Вечером мама Таня с Леней молча и напряженно сидели в гостиной, смотрели телевизор. Вошел Лобов, подсел к ним на диван, минут пятнадцать тоже глядел на экран.
– Лень! Мать тут про Настю разговор завела… – начал он. – Я подумал: и чего это я так озлобился против нее? Старею, что ли?
– Платон, не наговаривай на себя, – ласково сказала мама Таня, поддерживая мужа.
– Может, я и не прав совсем? И Настя не так уж и виновата, если разобраться… Так что живите, Ленька. Главное, чтоб дружно. Пускай!
– Отец! – воскликнула Татьяна и поцеловала мужа. – Ты у меня… самый молодой! Лень, ты чего – не рад, что ли?
– Я… я просто обалдел! Спасибо, пап, – растерянно ответил Леня и сорвался с места. – Поеду… к ней!
– Да куда ж ты на ночь глядя? – рассмеялся Лобов. – Выписывают-то когда?
– Не знаю. То есть завтра… то есть в пятницу… Пап, ты просто… – Леня вышел, так и не найдя нужных слов.
Лобов остался с Татьяной, довольный, сидел и пялился в телевизор. На душе было так радостно…
– Спасибо тебе и Бога благодарю! – прослезилась она.
– Ну да? А Бог-то в курсе?
– А без Него тут не обошлось! Такого мне мужа дал!
Для Насти это решение не было неожиданностью. Она уже поняла, какие Лобовы добрые, таких поискать – не сразу найдешь… Жгучее чувство стыда от содеянного немного притупилось, но не прошло.
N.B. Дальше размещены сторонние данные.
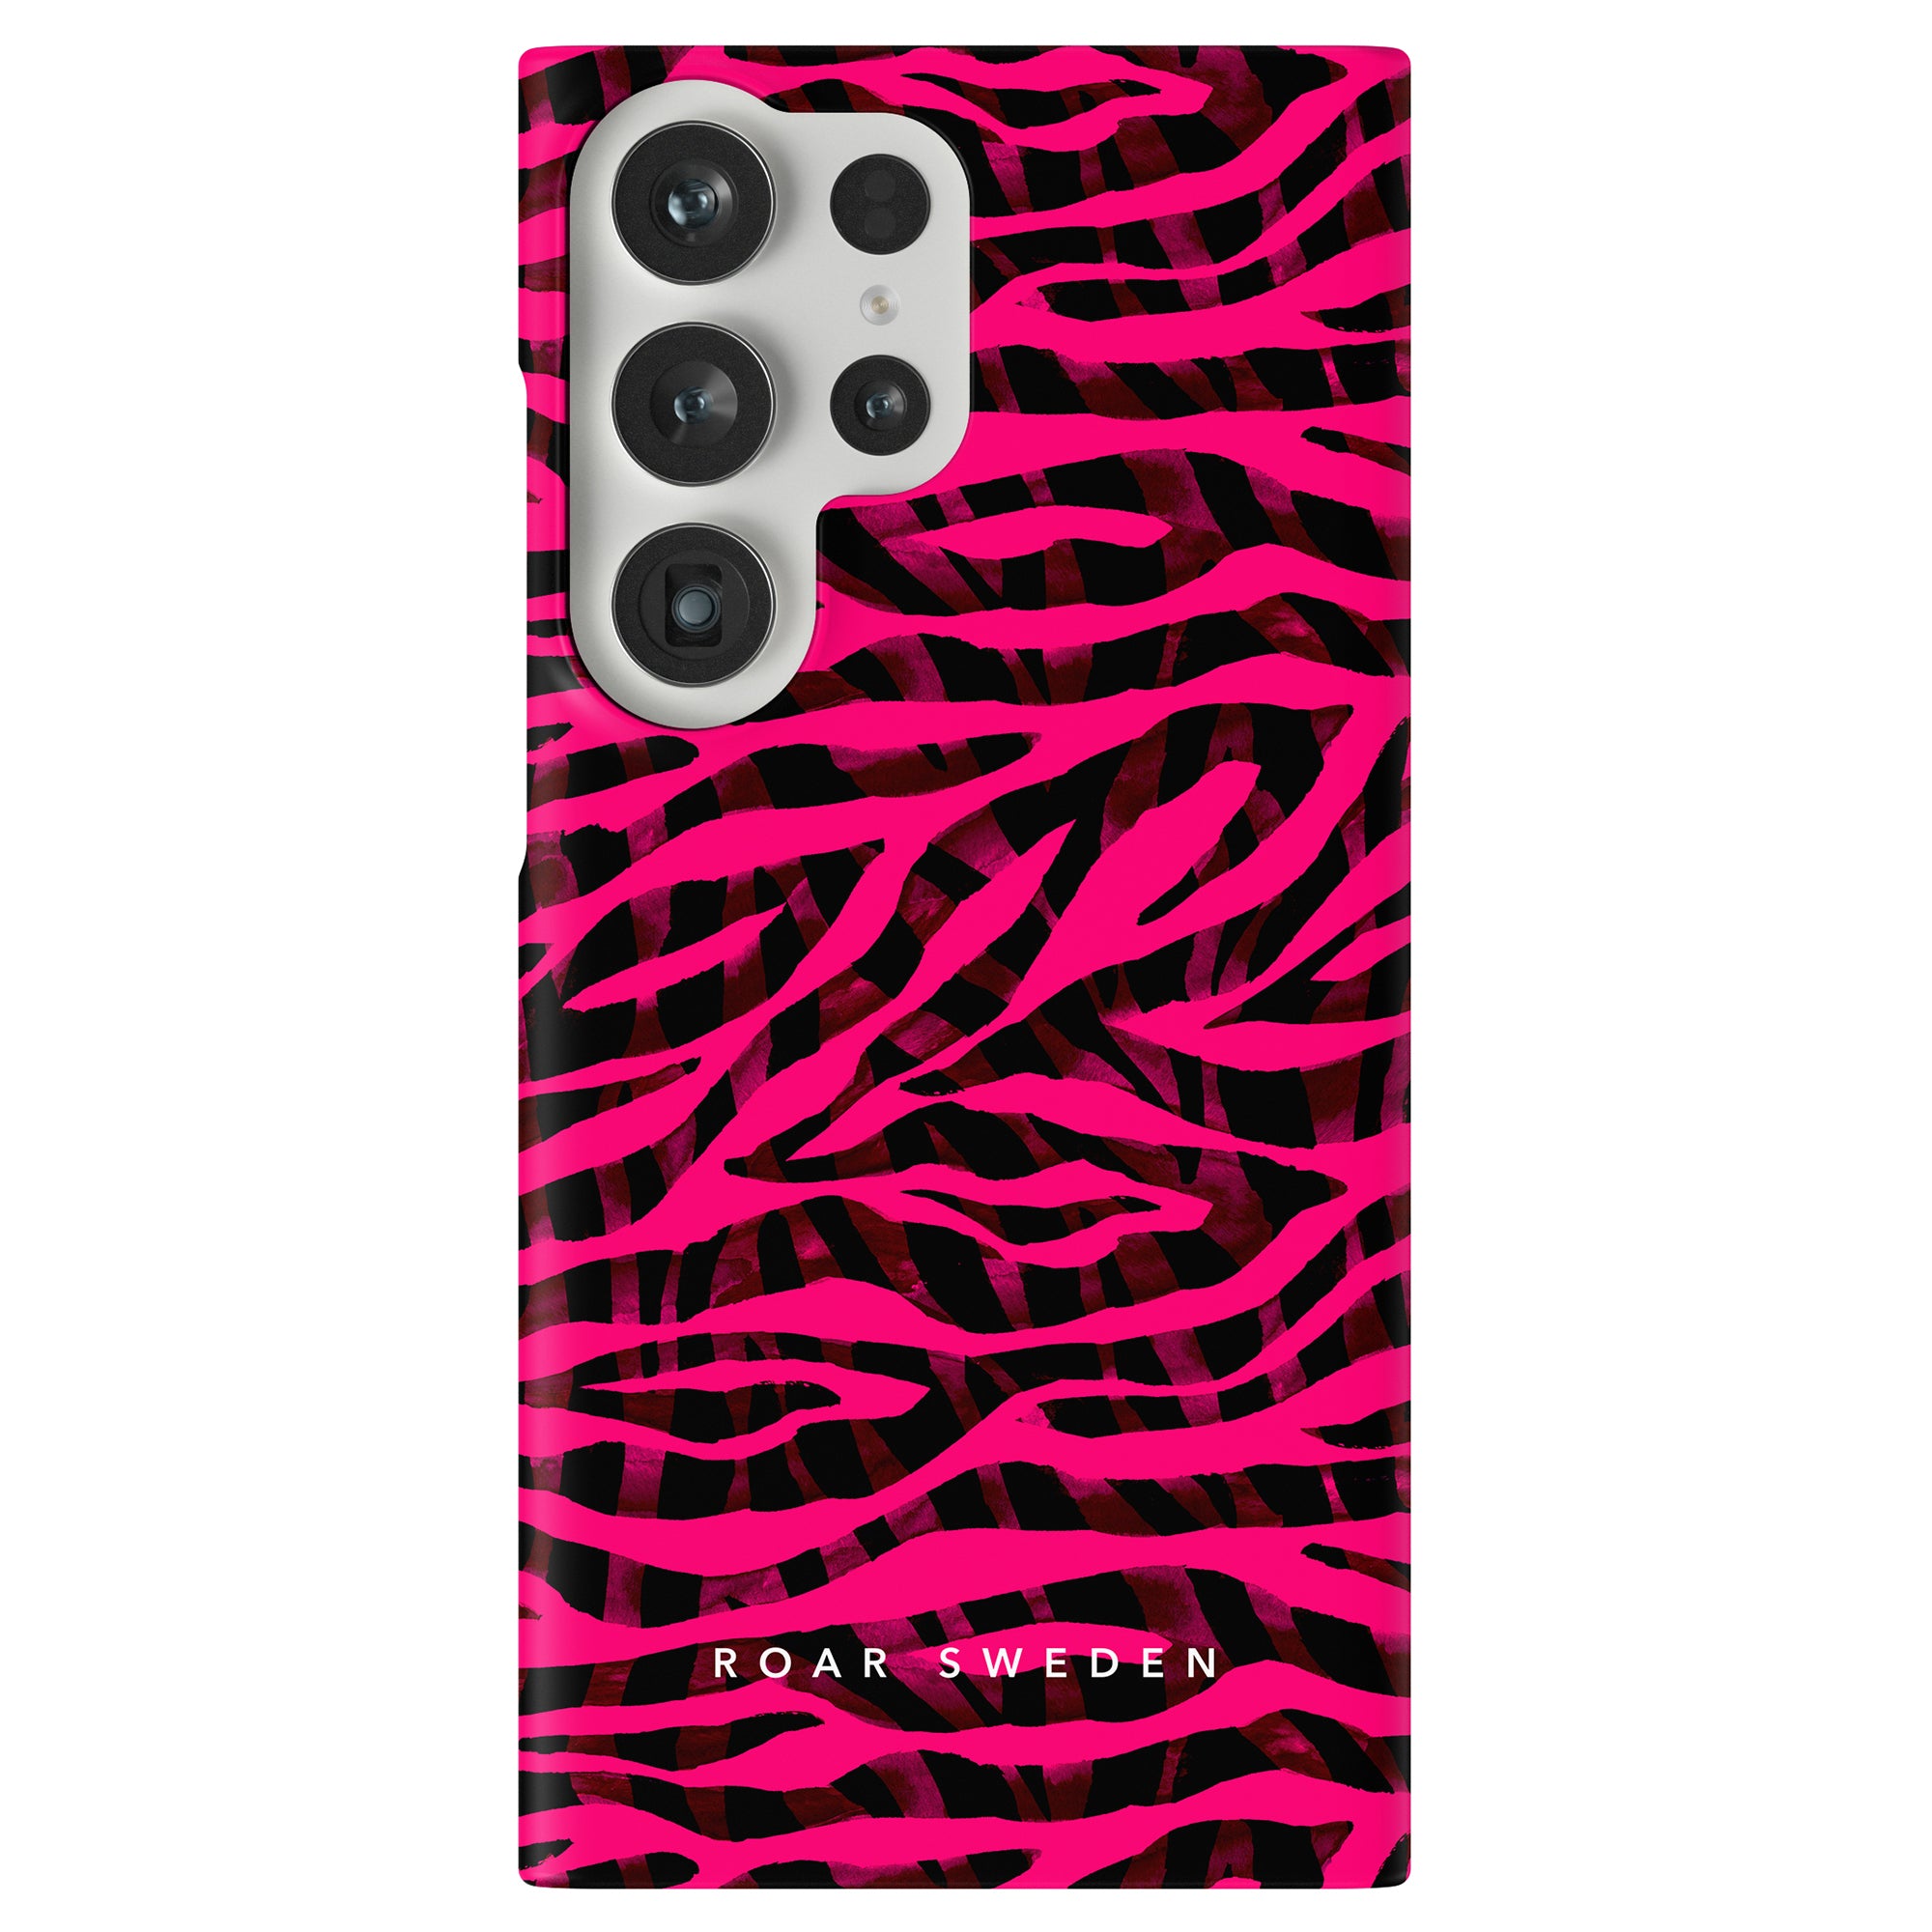 Produktbeskrivning: Pimp Tiger - Slim-fodralet är ett trendigt telefonfodral med zebratryck med ett snyggt rosa och svart färgschema.

Ну как она войдет в дом, из которого выгнали… Да и жить ей – не с Лобовыми вообще, а конкретно с Леней, которому до идеала далеко. Все эти мысли разом столкнулись в голове, когда Леня уговаривал после выписки вернуться к нему. Он смотрел теперь на нее по-собачьи преданно, но Настя вдруг сказала:
– Я не знаю.
– А я знаю! – решительно ответил он, и эта решительность была Насте бальзамом на душу. – Я – отец и у меня тоже право голоса есть: наш сын…
– Да откуда ты вообще взял, что сын? – Она села на кровати, врачи разрешили.
– Наш сын должен расти в полной семье. Ты же все это лучше меня знаешь. На собственном, можно сказать, опыте… Скажешь, не так?
– Ладно, почти убедил. А как с Ярославом быть? К Ларисе ты идти отказываешься…
– Да займусь я твоим Ярославом! И Ларису подключу. Ну, все? Едем в Бережки?
– Обещаешь?
– Сыном клянусь.
– Лень, ну ты совсем, что ли… Нашел чем клясться, – испугалась Настя.
– Собой тогда клянусь!
– Да ну тебя! – засмеялась она.
Приезжал ближе к выписке к Насте Сергей Александрович, весь какой-то потухший: любимую его Ирочку в дурдом положили, возможно, на несколько месяцев. Подобных приступов с ней никогда не было. Настя утешала его, как могла, обещала съездить к Ирине. Галанов, сам не веря в успех, предложил Насте вернуться к ним. Но она ответила, что поедет к мужу. Сказала и тут же осеклась: сомнения не отступали.